The role “programmer” may fade. “Software engineer” remains. Difference is simple: Programmers write code. Software engineers solve what to build, why to build it, and how to verify it.
Software may stop behaving like a “high-tech exception” industry and revert toward normal industrial dynamics. A significant share of software jobs may disappear, while displaced talent diffuses into other industries. That increases competitive pressure everywhere.
AI ripped the software facade off
Software meltdown: the middle layer gets flattened
Who Wins, Who Gets Hit#
The old software labor shape was spindle-like: few top experts, many mid-level engineers, many juniors. AI pressure is concentrated in the middle. In big tech terms, people around 3 to 5 years in are most exposed.
Senior experts, however, are entering a strong leverage window. I expect this window to last at least about two years.

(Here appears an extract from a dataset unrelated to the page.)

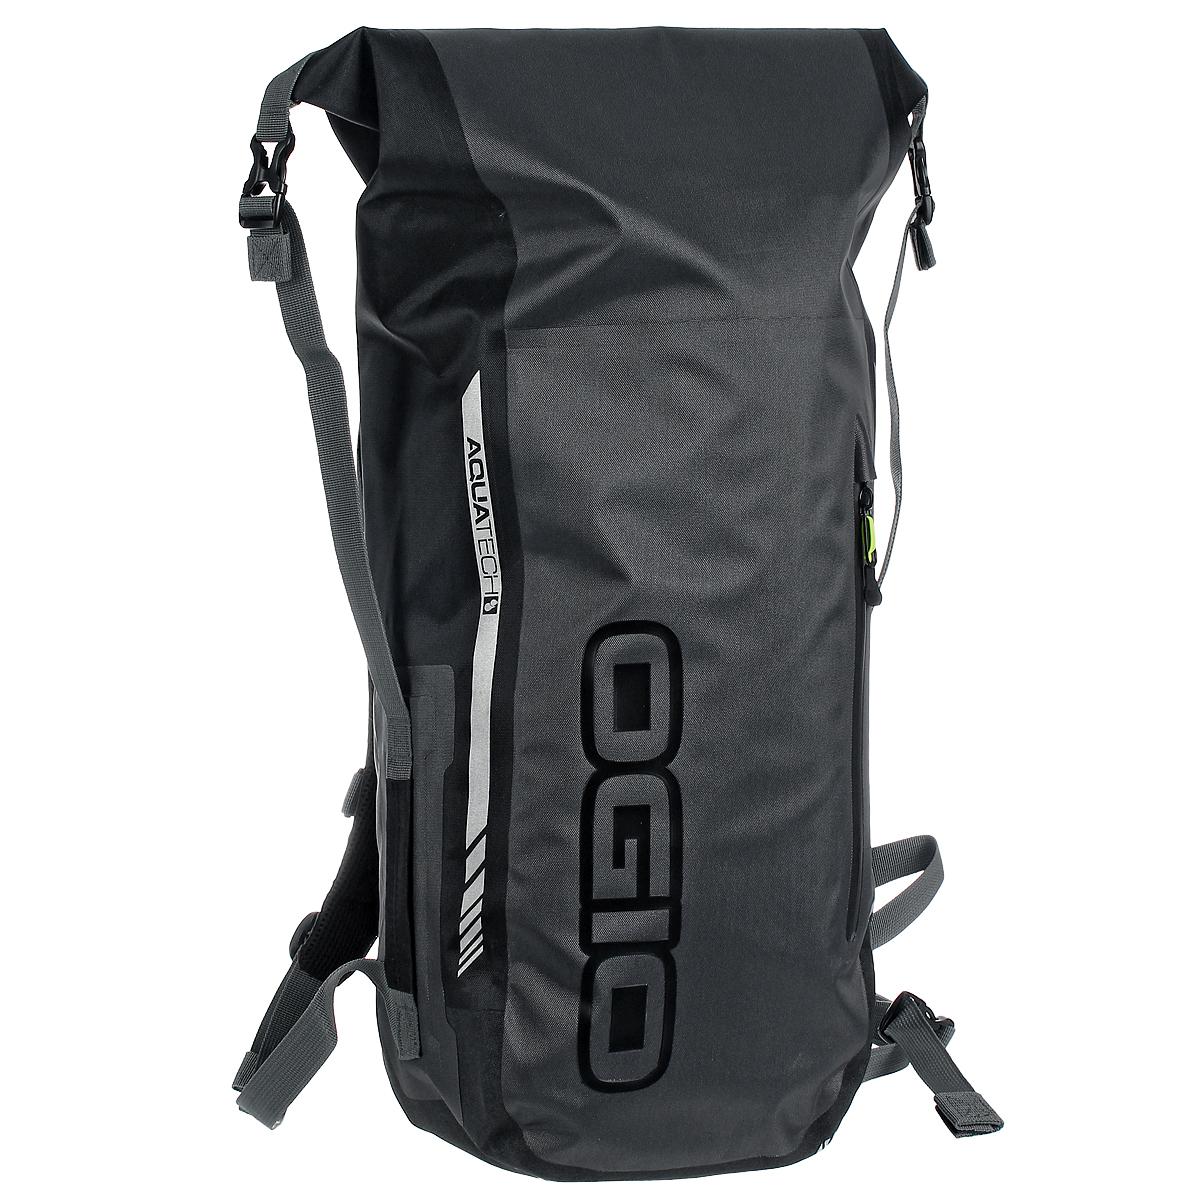 Рюкзак водонепроницаемый Ogio All Elements Pack Stealth, цвет: черныйL-DL90738Ogio All Elements Pack Stealth - полностью водонепроницаемый рюкзак. Большое отделение для ноутбука и планшета. Фронтальный карман быстрого доступа на молнии для мелочей и аксессуаров с прорезиненной молнией. Специальный карман надежно разместит и защитит ноутбуки с диагональю экрана до 15. Двойные наплечные ремни и ремень на грудь с регулятором в двух направлениях. Теперь Вам не страшны дожди и вода, вещи останутся сухими!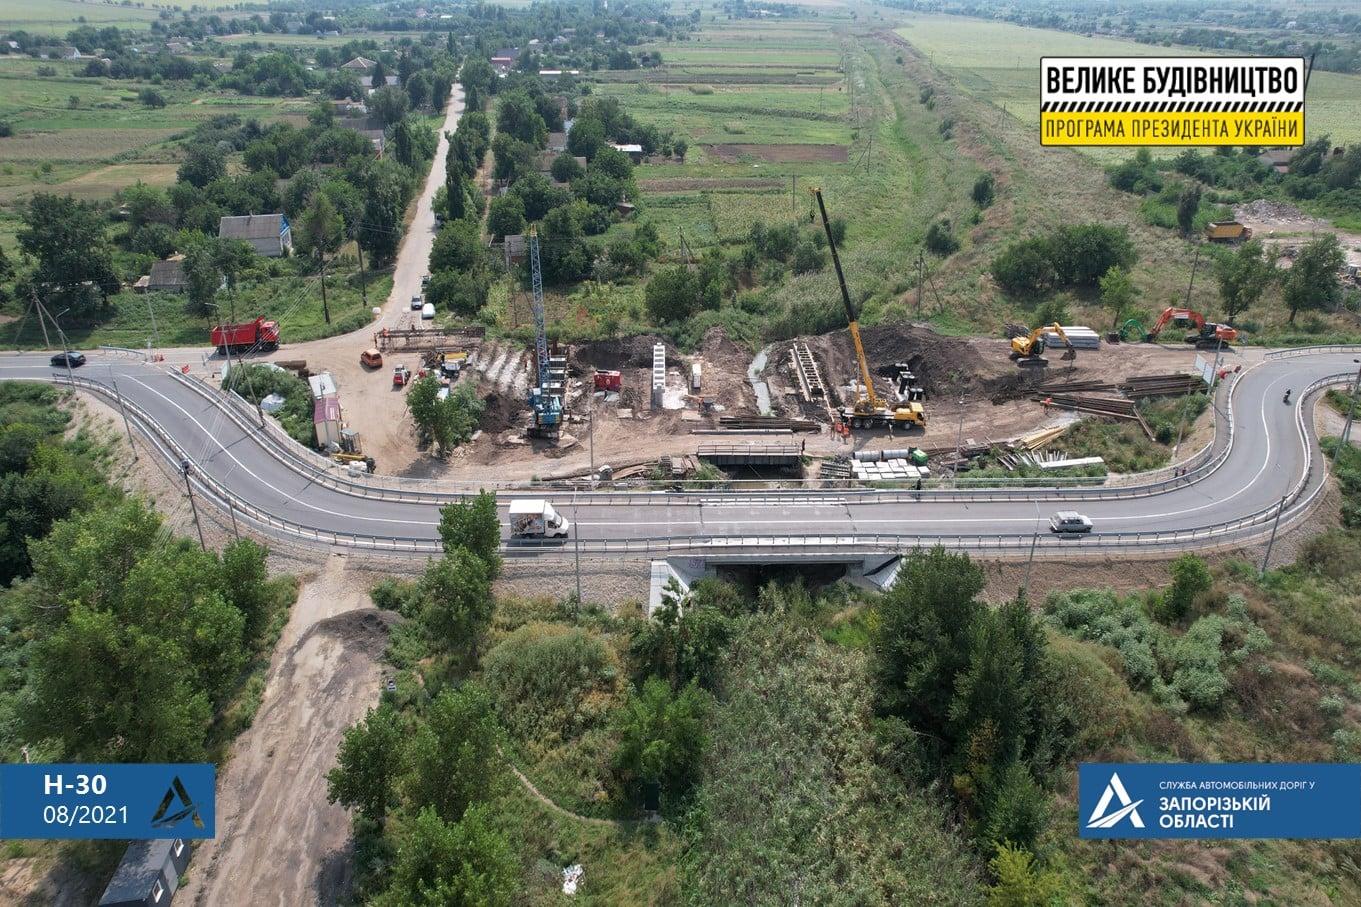 Об'їзний тимчасовий міст на р.Кільтичія на час реконструкції аварійного мосту

Counterintuitively, strong new grads may do well: lower cost, faster learning, less tooling lock-in. My expectation for near-term software best practice is sub-10-person teams: 1 to 3 core experts, 6 to 7 interns/juniors, each augmented by 2 to 3 agents.
At the extreme, a top expert can orchestrate a swarm of agents and ship outsized projects solo. “One Person Company” will become common. Pigsty at this scale would have been impossible for me without AI.
I do not have much interest in evangelizing vibe coding. Quiet compounding works better.
But the shift is real. Plan accordingly.